TASK DIRECTIONS -> Please print the listing that follows word for word, but skip any pictures it holds.

#### DATA BLOCK ####

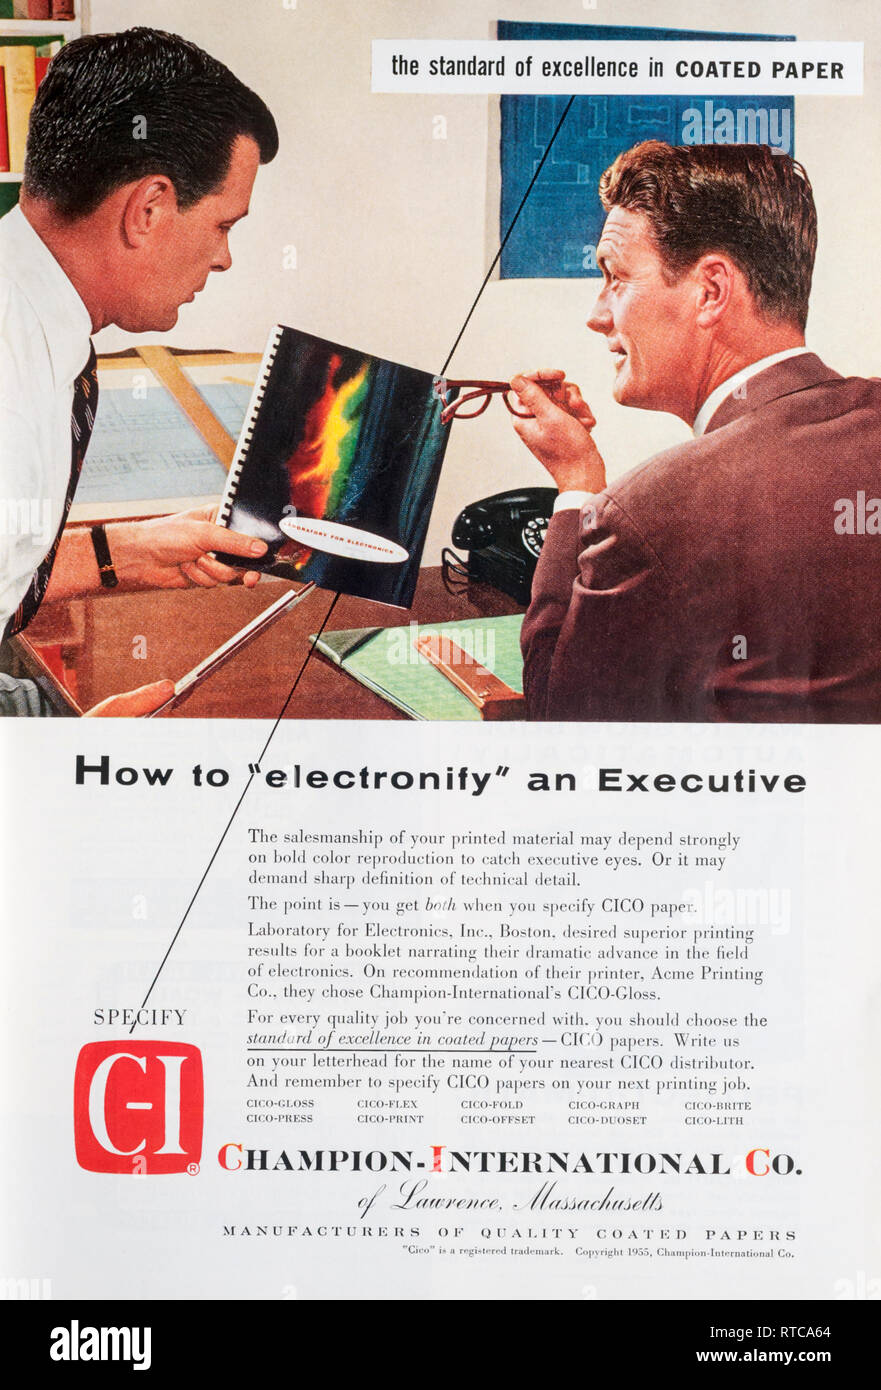 1955 magazine advert for Champion-International Co paper Stock Photo
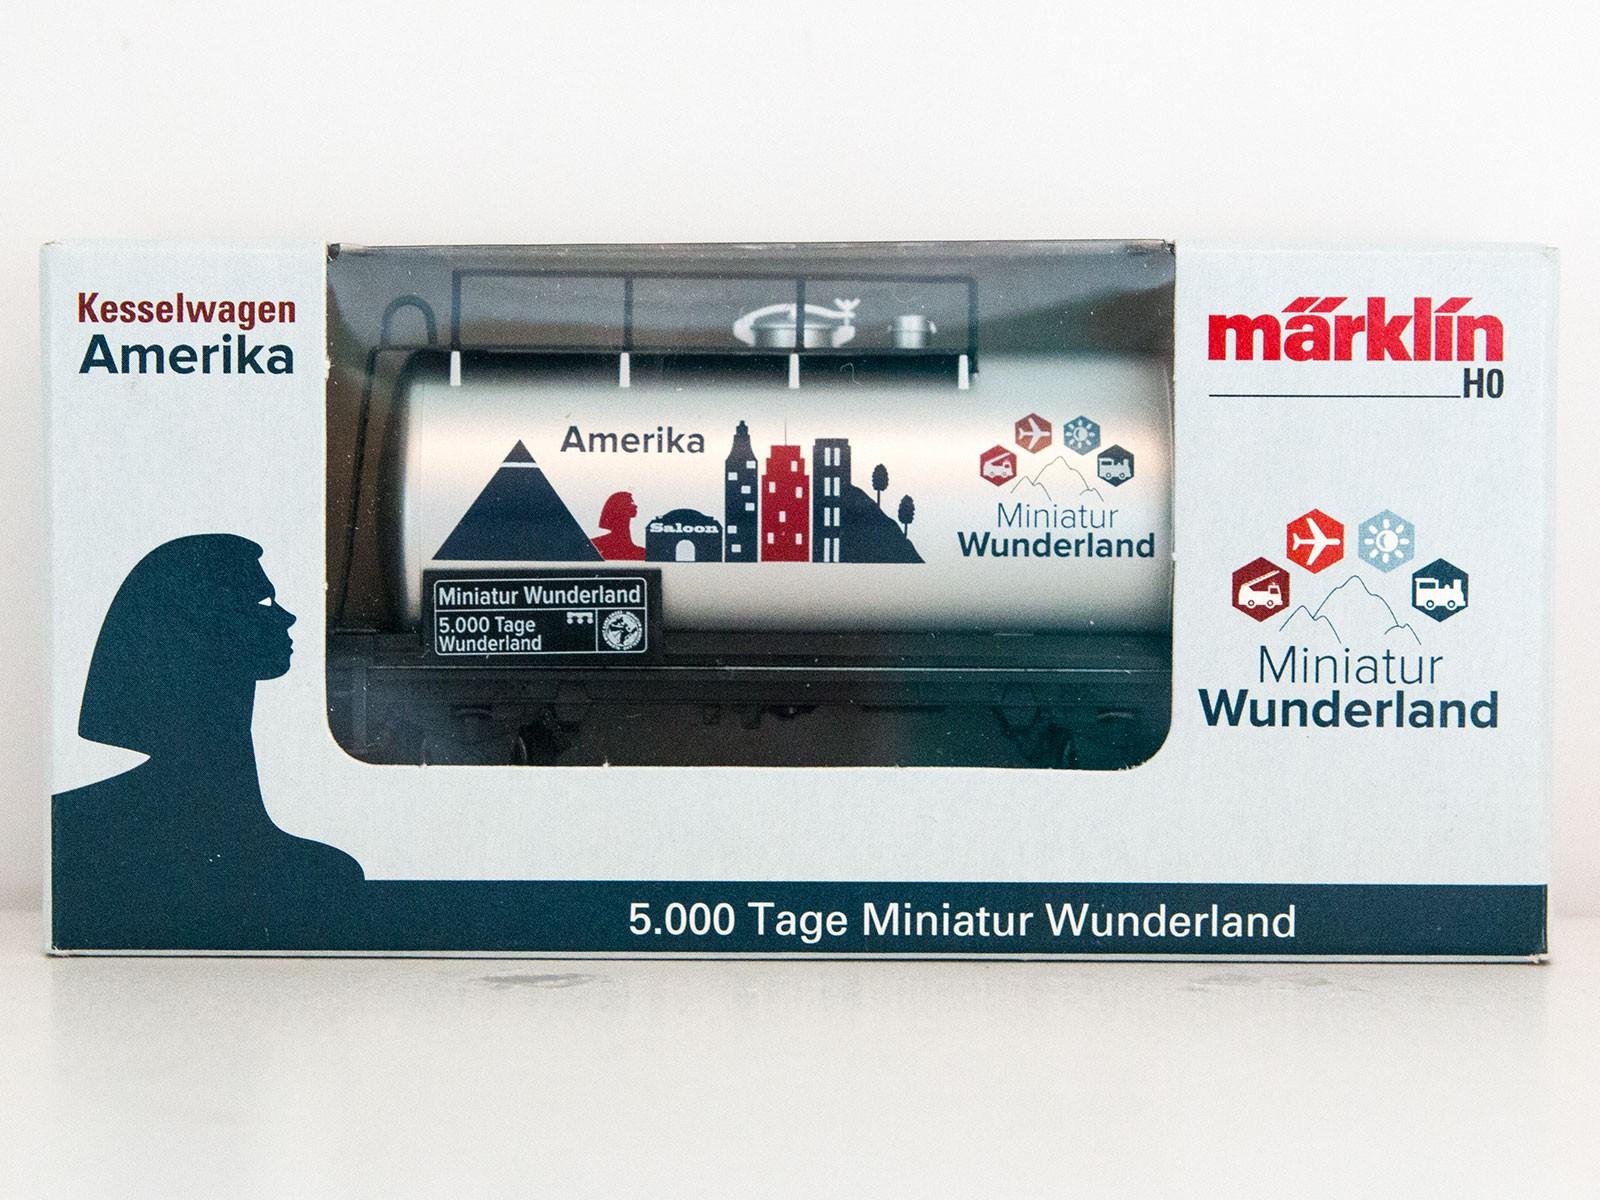 "Sonderwagen H0 Märklin 2015 Kesselwagen ""5000 Tage Wunderland - Amerika"""
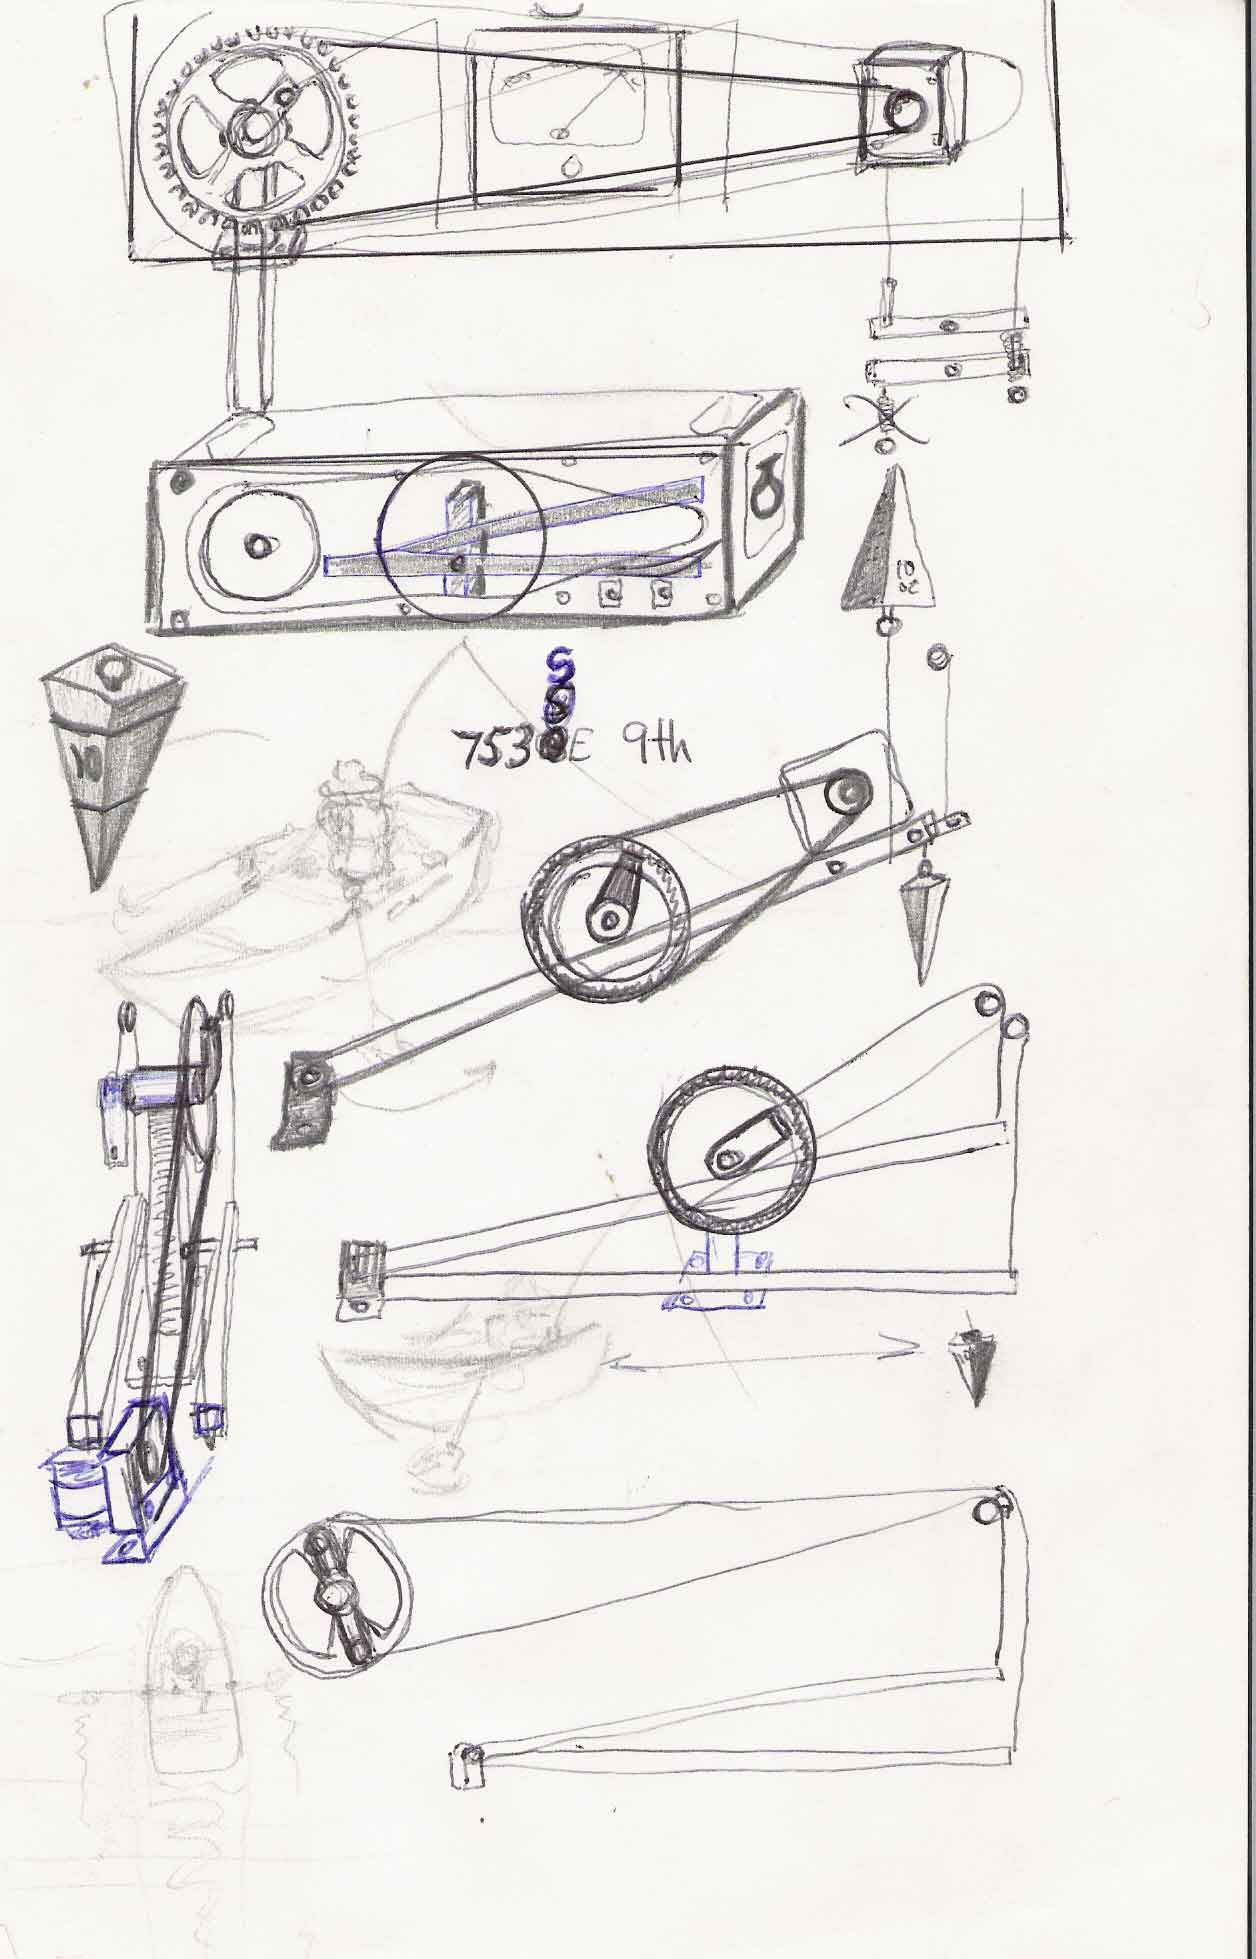 sketch-11-sept-05.jpg

####

RESULT OF THE EXERCISE ->
 1955 magazine advert for Champion-International Co paper Stock Photo
 "Sonderwagen H0 Märklin 2015 Kesselwagen ""5000 Tage Wunderland - Amerika"""
 sketch-11-sept-05.jpg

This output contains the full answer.